Even if you already know Miku inside and out, this particular version might need a quick introduction. The look comes from DECO*27’s Rabbit Hole, the wildly stylish Miku song and music video that paired sugary visuals with a much sharper, more provocative edge than your average pop anthem. Omutatsu illustrated Miku in a way that added just enough danger under the surface to keep it from feeling like just another cute Miku outfit.
That is also a big part of why this design stuck.
When you want beautiful piano melodies, you go to Orangestar. For fans of rock, there is the literal one man band, 164. And when you want to hop along to a beat, you go down the Rabbit Hole.
Rabbit Hole was never really aiming for soft, innocent idol energy. It is a fast, high-tension dance-pop number, with a bass track adding to that springy, rabbit-like rhythm. And now Good Smile has taken that MV version and turned it into a POP UP PARADE L Size release.
One of the big appeals of PUP has always been getting striking character looks in a format that feels more accessible than a full premium scale, and the L Size treatment helps here a lot. Rabbit Hole Miku is a design that benefits from visual presence. The bunny suit, fishnets, long silhouette, and confident pose all rely on attitude. Shrink that down too much and some of the magic disappears. At around 24 cm, the L size puts her close to the same height as 1/7 scales and gives enough height to actually sell the silhouette properly.

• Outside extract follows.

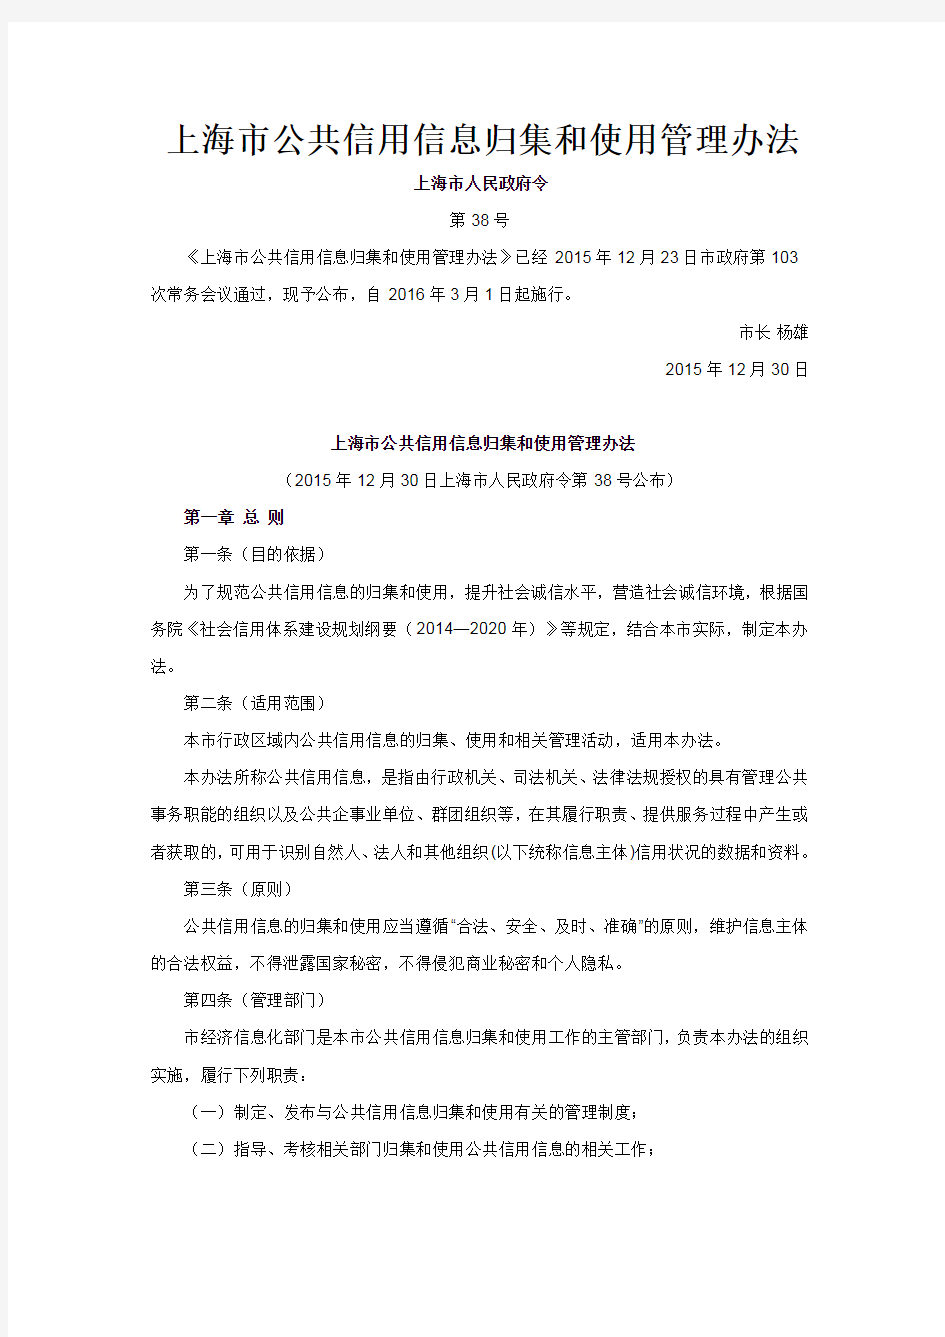 2016版_上海市公共信用信息归集和使用管理办法

What immediately works about this figure is that Good Smile seems to understand what fans liked about the original design in the first place. The highlights are her teasing expression, the contrast between the glossy bunny suit and fishnet texture, and the light, dynamic pose that makes it look like she could spring into motion at any moment. Those are exactly the right points to emphasize.
There are a lot of Miku figures that go for pure sweetness, pure elegance, or pure stage energy. This one is doing something a little different. She looks amused. Slightly smug, even. That kind of face matters more than people think, especially for a design that was about attitude. The figure really needs that cute, but maybe also a terrible influence balance.
Glossy bunny suits can look great in photos, but if the sculpt does not give the rest of the design enough variety, the whole thing can start feeling too smooth and toy-like. Here, the fishnets do a lot of heavy lifting. That change in surface texture breaks things up nicely and gives the figure more visual punch, especially paired with Miku’s long twin-tails and the pyon pyon hand pose. It is a smart way to keep a relatively simple outfit interesting from multiple angles, which is exactly what a good figure adaptation should do.
Miku’s hair has always been one of the easiest ways for a sculpt to create motion, and Rabbit Hole is a design that benefits from any extra sense of bounce or swing. Since the song itself is such a fast, high-energy track, a static pose would have felt like a mismatch. The lighter, more dynamic posture gives the figure a bit of that MV energy back. It is not an over-the-top action pose, and that is probably the right choice. Too much movement might have made it messy. This version seems to aim for something cleaner: poised, playful, and just a little dangerous.
Rabbit Hole Miku is currently available for pre-order with a September 2026 expected release.